Nicholas’s audience then begins to REALLY stalk Ali, who no longer has the support of the public on her side. In fact, with every new video Ali posts of someone stalking her, the internet makes fun of her, calling her mentally disturbed and desperate for attention.

Then things get really weird, as videos start appearing online of Ali’s stalkers dressing in cloaks and sneaking into her house where they video her sleeping. It’s not too long after that that Ali disappears. The police have no leads to go on. The public accuses Drew. But what our documentarians, the ones who have told us this story, are about to find out, is that Ali’s disappearance may be due to something… otherworldly.

Oh man how I was rooting for this one!

It started off strong. Like I said – we’ve got a familiar story told in an unfamiliar way. And the writer seemed to understand the world he was documenting. Influencers have a very unique and weird life. And I felt Tague did a good job of capturing that. For example, when Ali gets caught for faking the second video, the solution isn’t to come clean. It’s to “come clean for the views.” She’s more than happy to apologize, but only because apology videos get a lot of views.

Likewise, the Right-Leaning Conservative channel stuff felt dead-on. I’ve seen these guys make these videos before, where they chastise influencers like this. Then when they realize that the chastising gets THEM more views, they drum up the chastising and make that public figure their personal punching bag.

Here’s where things started to go south for me, though. Once Nicholas sends all these followers to harass Ali, we venture into some pretty serious stuff. Numerous characters, both online and in person, threaten to rape and kill her. And yet it’s all dealt with in a sort of Happy Death Day tone. It’s supposed to be goofy entertainment. I’m not sure once you aggressively bring rape and death into a script that you can get away with that. I suppose some writers who are extremely sophisticated in how they handle tone can pull it off. But this isn’t that. So it leaves you in this weird viewer purgatory wondering if you’re supposed to be horrified or entertained.

And then it really falls off the rails (spoilers) when we’re asked to accept a late-arriving supernatural element. At first we think these people slipping into Ali’s home are creepy alt-right trolls. But then it’s inferred that they might be demonic.

I’m all for adding supernatural elements WHEN THEY’RE ORGANIC. But when they’re not, it can be a script killer. Especially when you add those elements late in the story. It seemed like the writer wasn’t sure what to do with his ending. So he did a quick rewrite where he inserted a few setups in the last 25 pages in order to infer that Ali’s disappearance was due to supernatural factors.
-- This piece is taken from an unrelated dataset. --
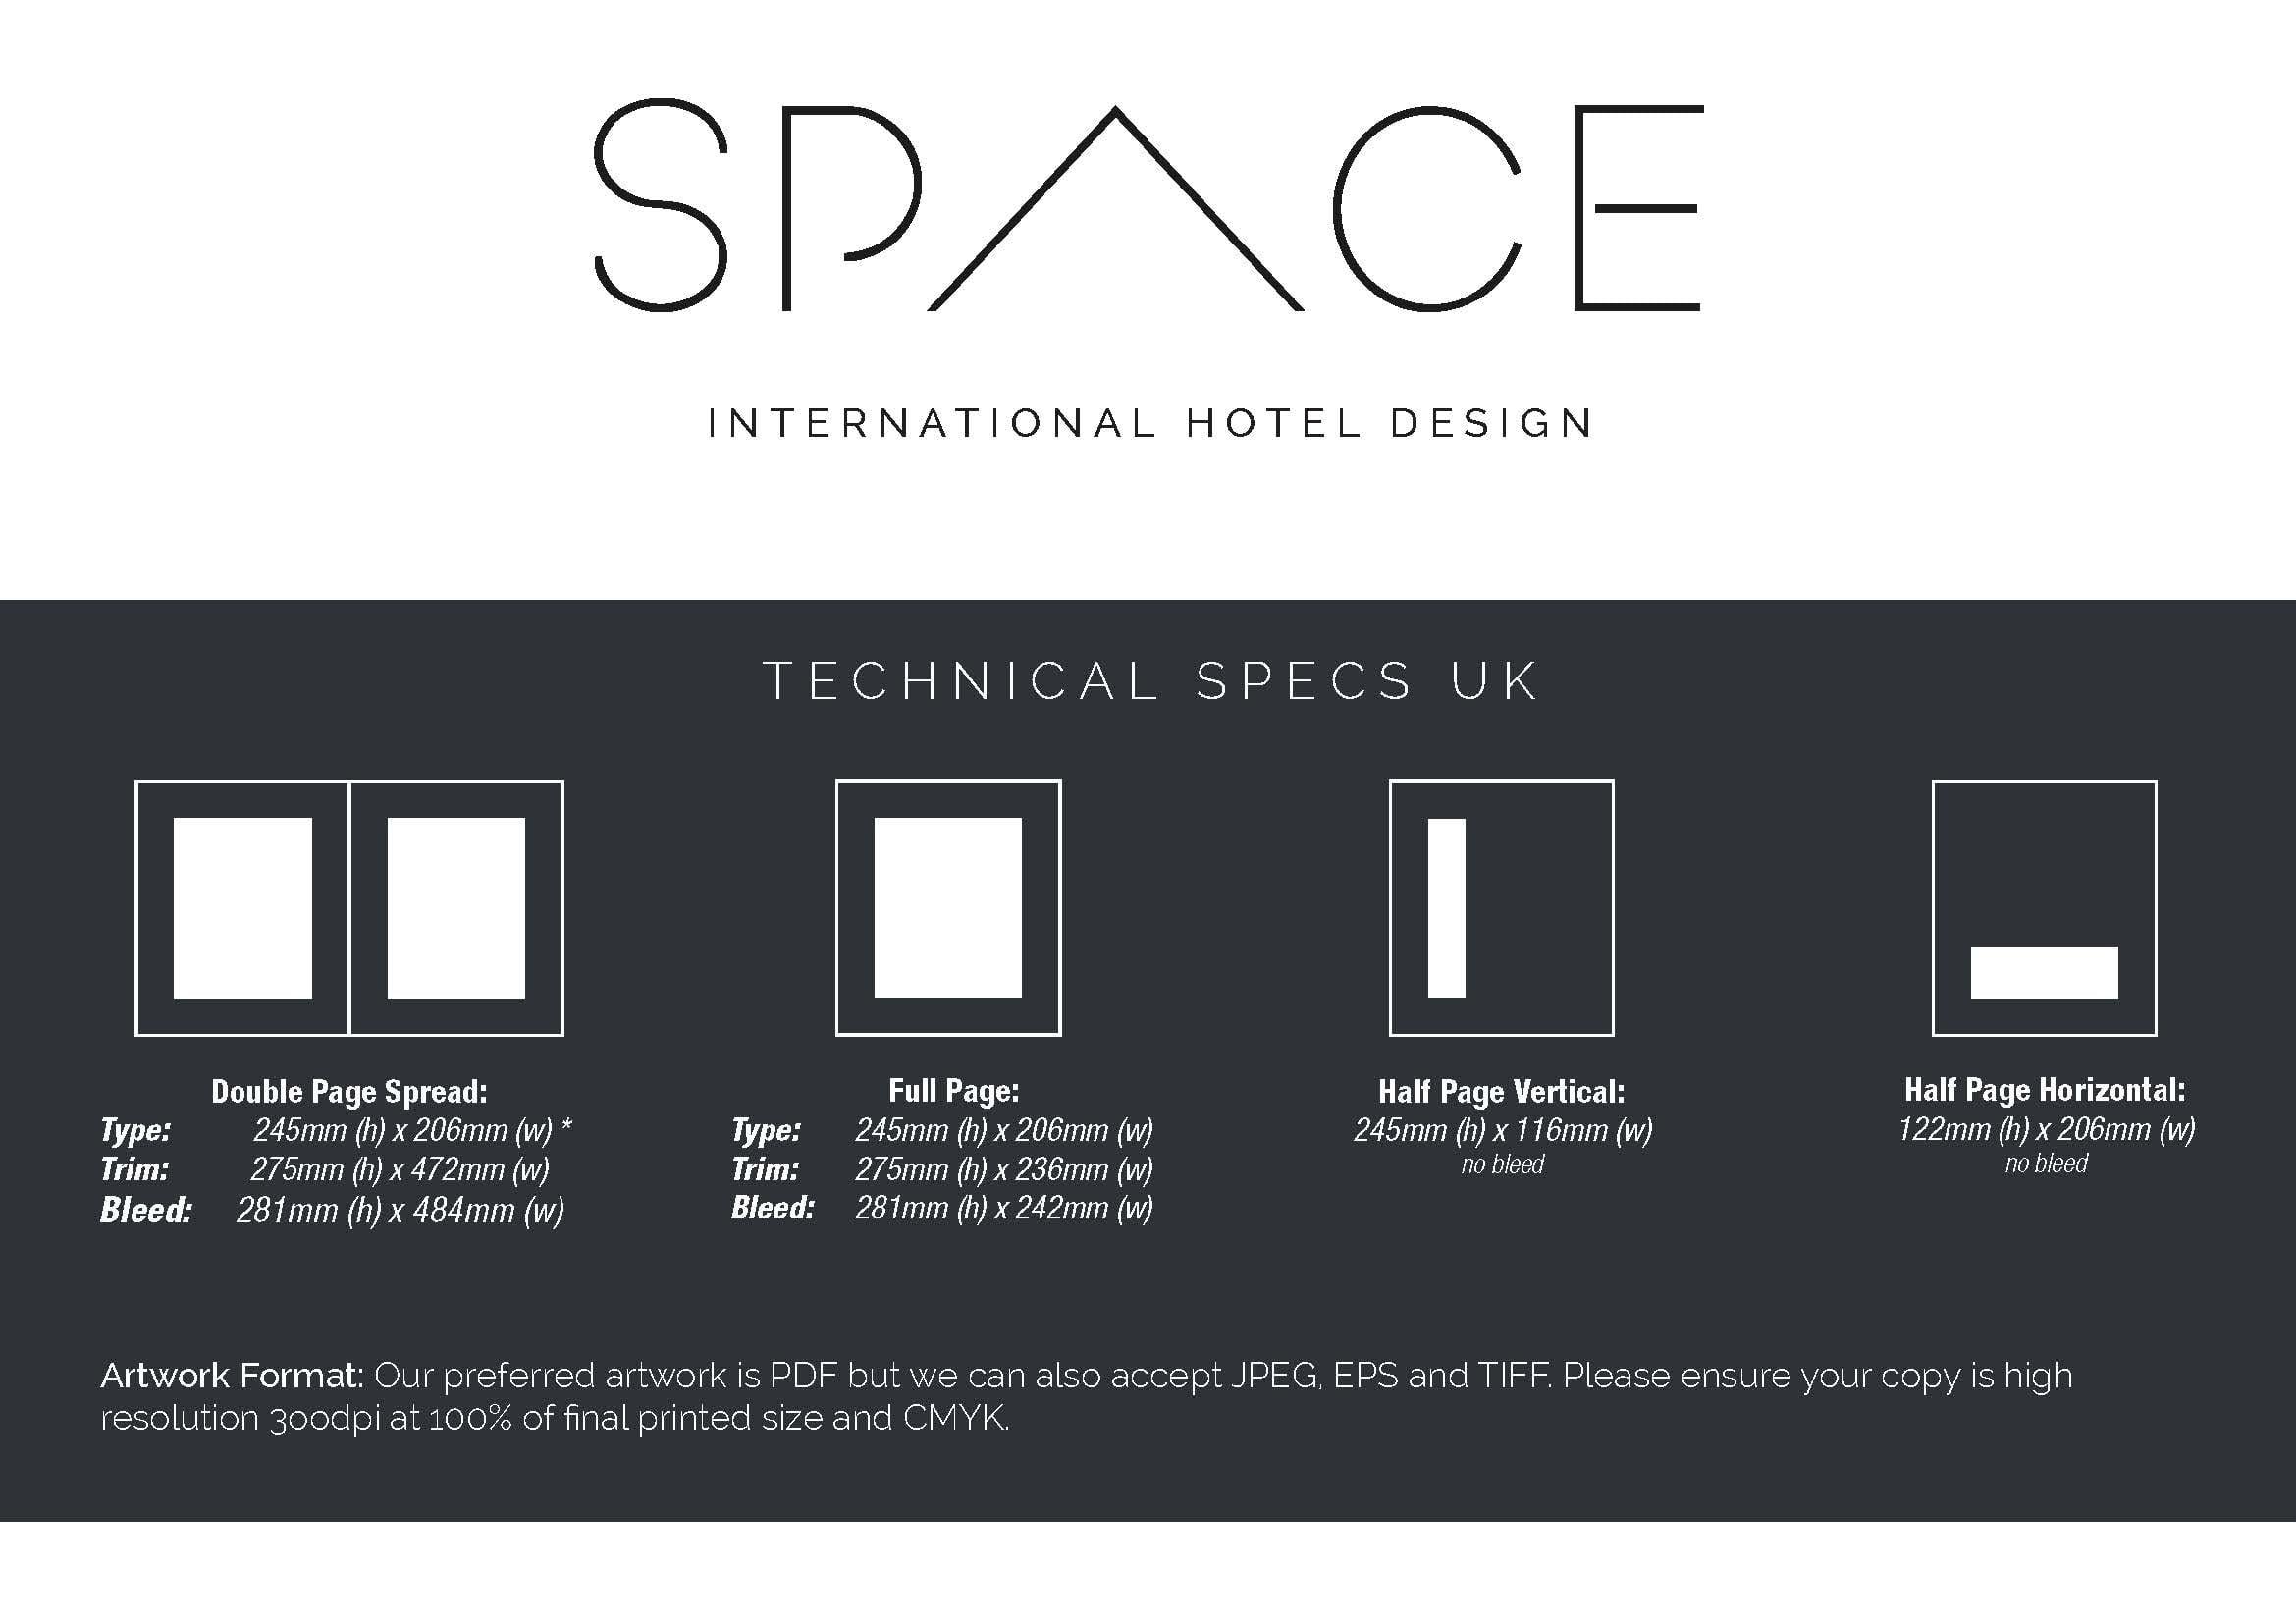 copy spec space international hotel design

When you have a strong concept on its own, you don’t need to desperately add a supernatural component to make it even more marketable. This is a good idea without the supernatural. It’s already inventive. It’s already unique. It’s a good murder-mystery. Just keep it that way. There was no reason to throw this other random storyline in at the last second.

I guess I should’ve seen it coming. Whereas the beginning of the script felt sure of itself, you could feel the writer searching for his narrative once he crossed the halfway point. It became more about gimmicky plot developments than staying with what got you there. What got you there was a job we don’t normally hear about in movies (influencer) and a unique way of telling the story (documentary-style). Once you begin descending into the kind of tone they use in Child’s Play, you know your script is toast.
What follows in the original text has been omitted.